I go through phases where I knit more than others. I knitted some dishcloths recently and then decided on a girl’s sweater as another quick project.  This one is from Debbie Bliss in her book Junior Knits.  It is a little bolero made of standard worsted yarn. 

I enjoyed knitting it.  My daughter likes the sweater and I see only three mistakes that I would like to correct in my next sweater. 

1.) The first is the seaming of the underarms shows on the outside.  I just need to get off my tuckus and hunt down one of my knitting reference books to correct that one. 

The remaining two are more troublesome and now it comes to mind that I have had similar errors in the pasts and wondered how to remedy them.

2.) My short rows have little holes at the ends.  See.

Short rows are where you have to turn before you reach the end of the row. I hope the pic isn't too dark but those big holes are where I had to turn to make each short row.

In order to do the curve of the neckline one must knit short rows at the back nape area.  The curvature was successful but it created little holes.  Does anyone utilize the short row technique in their knitting often enough to tell me how to get around this?

3.) The next mistake is another hole.  Whenever I pick up an inside corner I get a hole.

This is the inside corner of the neckline.  It isn’t an obvious spot and not too noticeable when worn, but whenever I pick up an inside corner, it elongates that area and pulls apart the knitting making a hole.  Again, does anyone know how to remedy this?

 

It is hard to see in the pic even after I blew it up, the little white spot between my fingers is the offending hole. Like a shawl collar in sewing this pattern had a squared off inside corner and when I picked up the stitches to make the ribbing this hole was created.
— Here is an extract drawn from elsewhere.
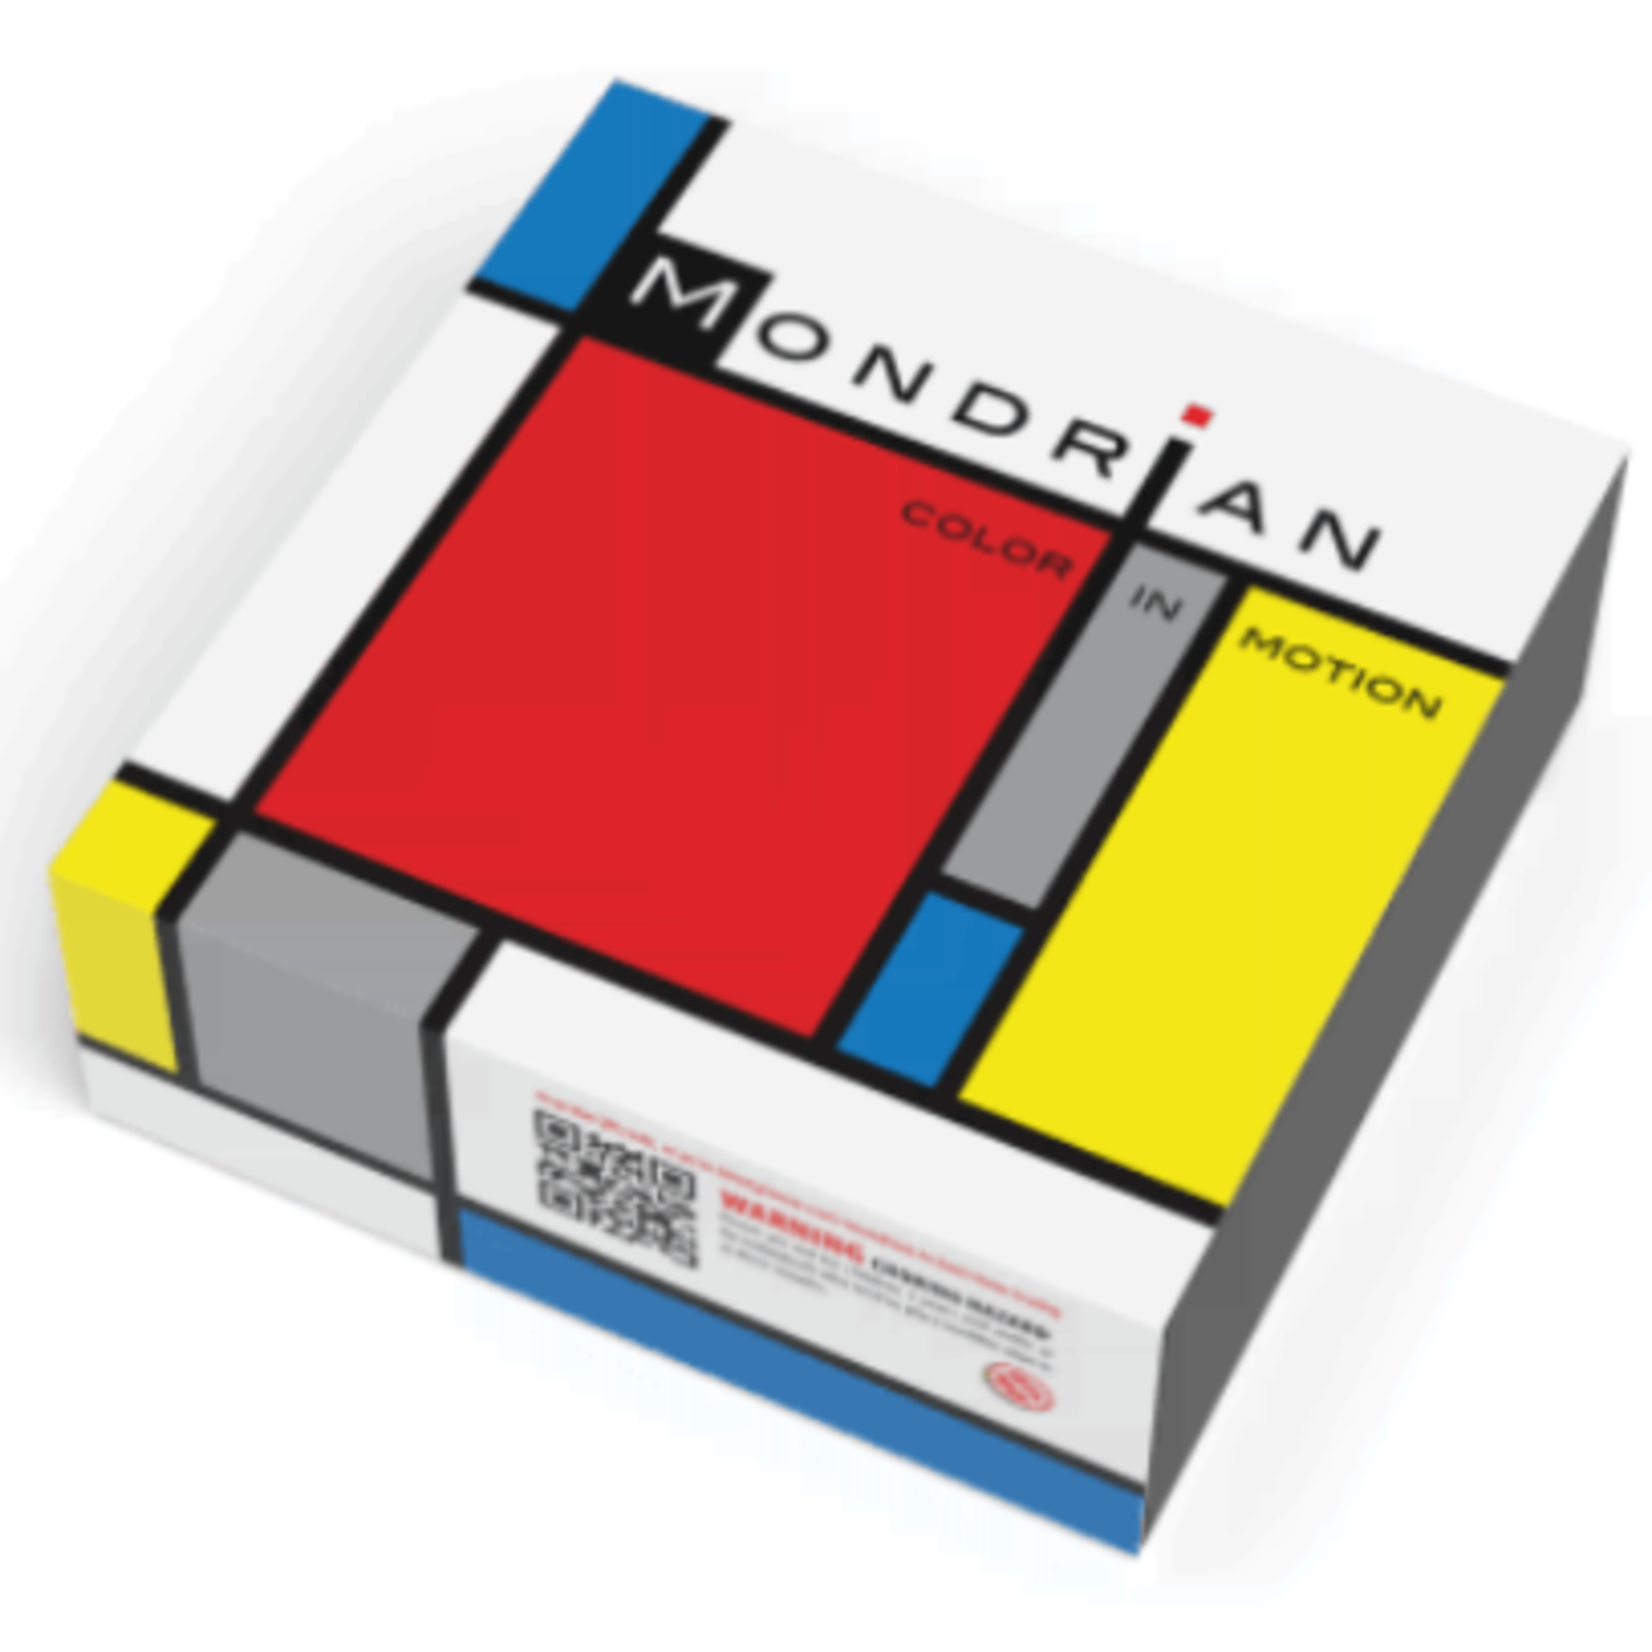 binary cocoa Mondrian: Color in Motion

I always seem to encounter problems that aren’t discussed in the manuals. I know a lot of sewers are knitters also, and I would love to hear from you on these two tricky techniques. 🙂

Butterick 5772: Attaching the band to the beret.

Butterick 5772:Children's Winter Hats

This pattern provides several different hat styles and most are self-explanatory but the beret does have a few quirks. 

 

First: the undercap.

Butterick 5772: The undercap of the beret must have a hole for the head cut out. I found it helpful to fold the cap in half.

Fold the undercap portion in half to cut your inside circle.

Second: the band.

Knowing from previous options that the bands sometimes did not fit well I was leary that the band would not correctly fit into the undercap circle of the beret.  This is how I made sure the band matched the beret circumference.

I marked the back and front center with a pin.

 

I began sewing the band about two inches from the center back and sewed around until I was nearly 2 inches away from the center back.

The next step I will explain and draw in paint the best I can, though I realize that the illustrations make much more sense if you have the actual pattern pieces in front of you. 

I layed the loose ends of the bands down and cut a small notch into them at what would be the bands center back seam.

Then I sewed the band center back seam.

The band fit the circle perfectly since it was custom fit.

It took just a few extra moments and I didn’t have to worry about a mismatch that wouldn’t “ease” into the undercap. Of all the options offered the beret is middling in difficulty and time, but my daughter’s pleasure with it made it worth a few extra moments.